Recently emerged 6G space-air-ground integrated networks (SAGINs), which integrate satellites, aerial networks, and terrestrial communications, offer ubiquitous coverage for various mobile applications. However, the highly dynamic, open, and heterogeneous nature of SAGINs poses severe security issues. Forming a defense line of SAGINs suffers from two preliminary challenges: 1) accurately understanding massive unstructured multi-dimensional threat information to generate defense strategies against various malicious attacks, 2) rapidly adapting to potential unknown threats to yield more effective security strategies. To tackle the above two challenges, we propose a novel security framework for SAGINs based on Large Language Models (LLMs), which consists of two key ingredients LLM-6GNG and 6G-INST. Our proposed LLM-6GNG leverages refined chain-of-thought (CoT) reasoning and dynamic multi-agent mechanisms to analyze massive unstructured multi-dimensional threat data and generate comprehensive security strategies, thus addressing the first challenge.
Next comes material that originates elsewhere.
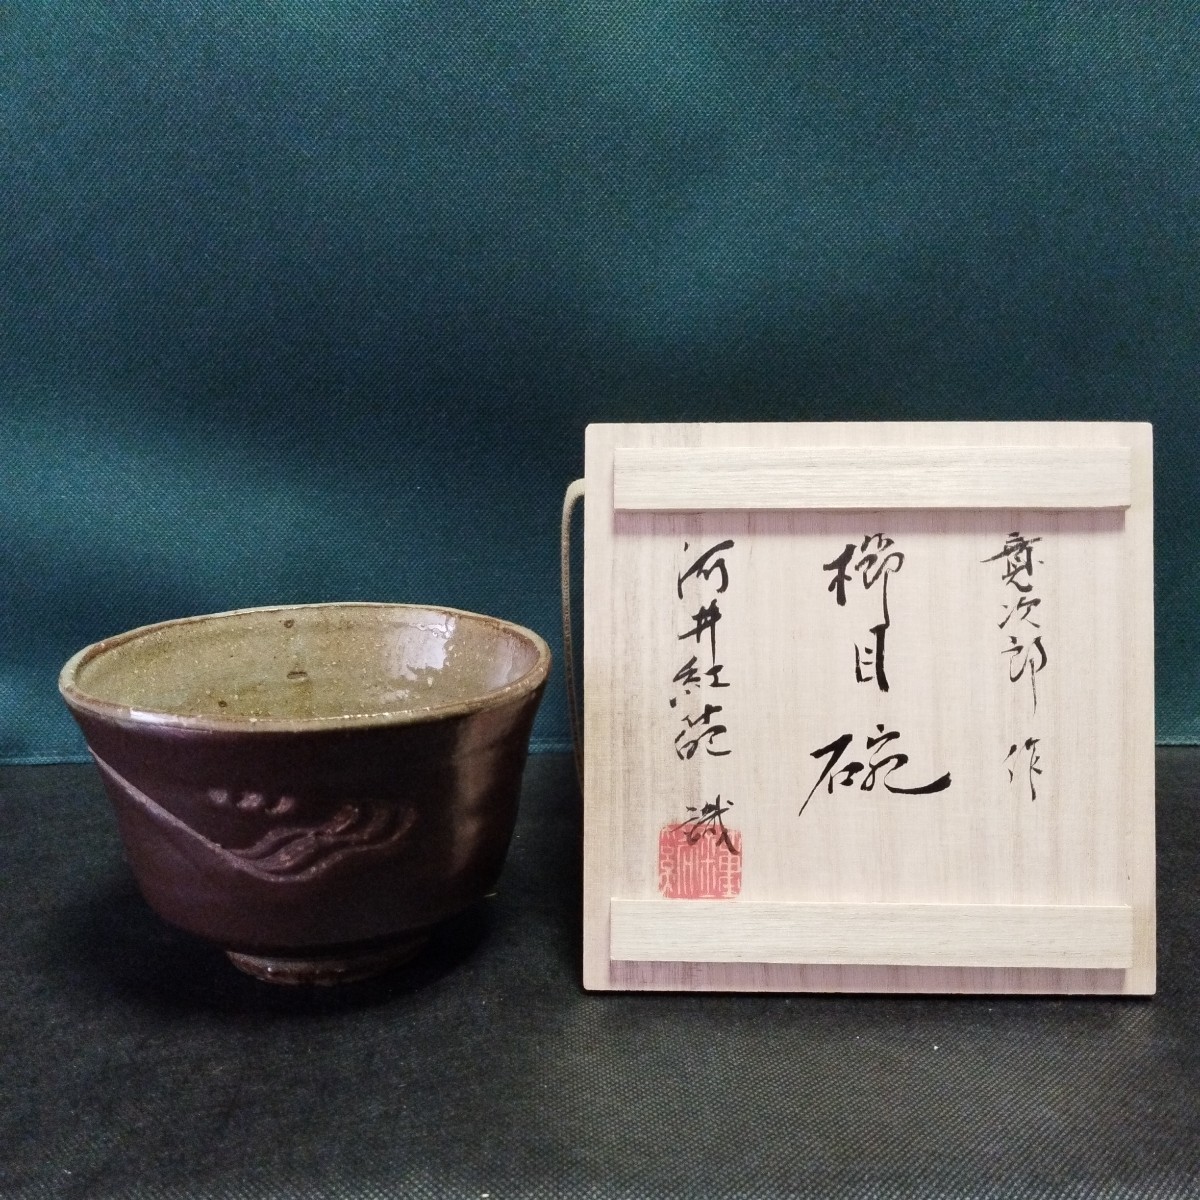 河井寛次郎 緑花碗 穏やかな和の味わいの名品 v435-

Our proposed 6G-INST relies on a novel self-evolving method to automatically update LLM-6GNG, enabling it to accommodate unknown threats under dynamic communication environments, thereby addressing the second challenge. Additionally, we prototype the proposed framework with ns-3, OpenAirInterface (OAI), and software-defined radio (SDR). Experiments on three benchmarks demonstrate the effectiveness of our framework. The results show that our framework produces highly accurate security strategies that remain robust against a variety of unknown attacks. We will release our code to contribute to the community.
Paper Structure (23 sections, 5 figures)

This paper contains 23 sections, 5 figures.

Figures (5)

  • Figure 1: Illustration of 6G usage scenarios and the corresponding threats. 6G introduces new usage scenarios such as artificial intelligence and communication, ubiquitous connectivity, and massive communication, which bring more security threats including DDoS and advanced persistent threat (APT).
  • Figure 2: Illustration of our proposed self-evolving security framework of 6G SAGINs and the 6G Simulator. The proposed LLM-6GNG receives threat information from our 6G Simulator, and feeds back security strategies to the 6G Simulator. Meanwhile, our 6G-INST collects data from the proposed LLM-6GNG, trains the Twin Specific Strategy Agent, and updates the LLMs.
  • Figure 3: Illustration of our LLM-6GNG and 6G-INST. The top layer provides an example of threat information from the three subnets within our 6G Simulator. The middle part of the diagram describes the process of the LLM-6GNG, with the left side depicting the scenario of intra-network communication, and the right side showing the scenario of inter-Network Communication. The bottom layer of the diagram describes the process by which our 6G-INST automatically generates new datasets to assist the LLM-6GNG in its self-evolution.
  • Figure 4: Illustration of Performance. (a), (b), (c), (d), and (e) compare the accuracy of security strategies generated by different LLMs against unknown threats. (f) compares the accuracy of security strategies generated with and without our 6G-INST against known attacks. Experimental results demonstrate that our security framework can generate highly accurate security strategies, and that our 6G-INST significantly improves the accuracy of security strategies against unknown threats, while maintaining the accuracy of strategies against known threats.
  • Figure 5: Case study of our security framework. This case illustrates a typical 6G SAGINs communication scenario involving threats such as DDoS attacks, UAV GPS spoofing, and satellite vulnerabilities. It details the workflows of LLM-6GNG in processing threat information and generating security strategies, and the procedure of 6G-INST assisting the self-evolution of LLM-6GNG.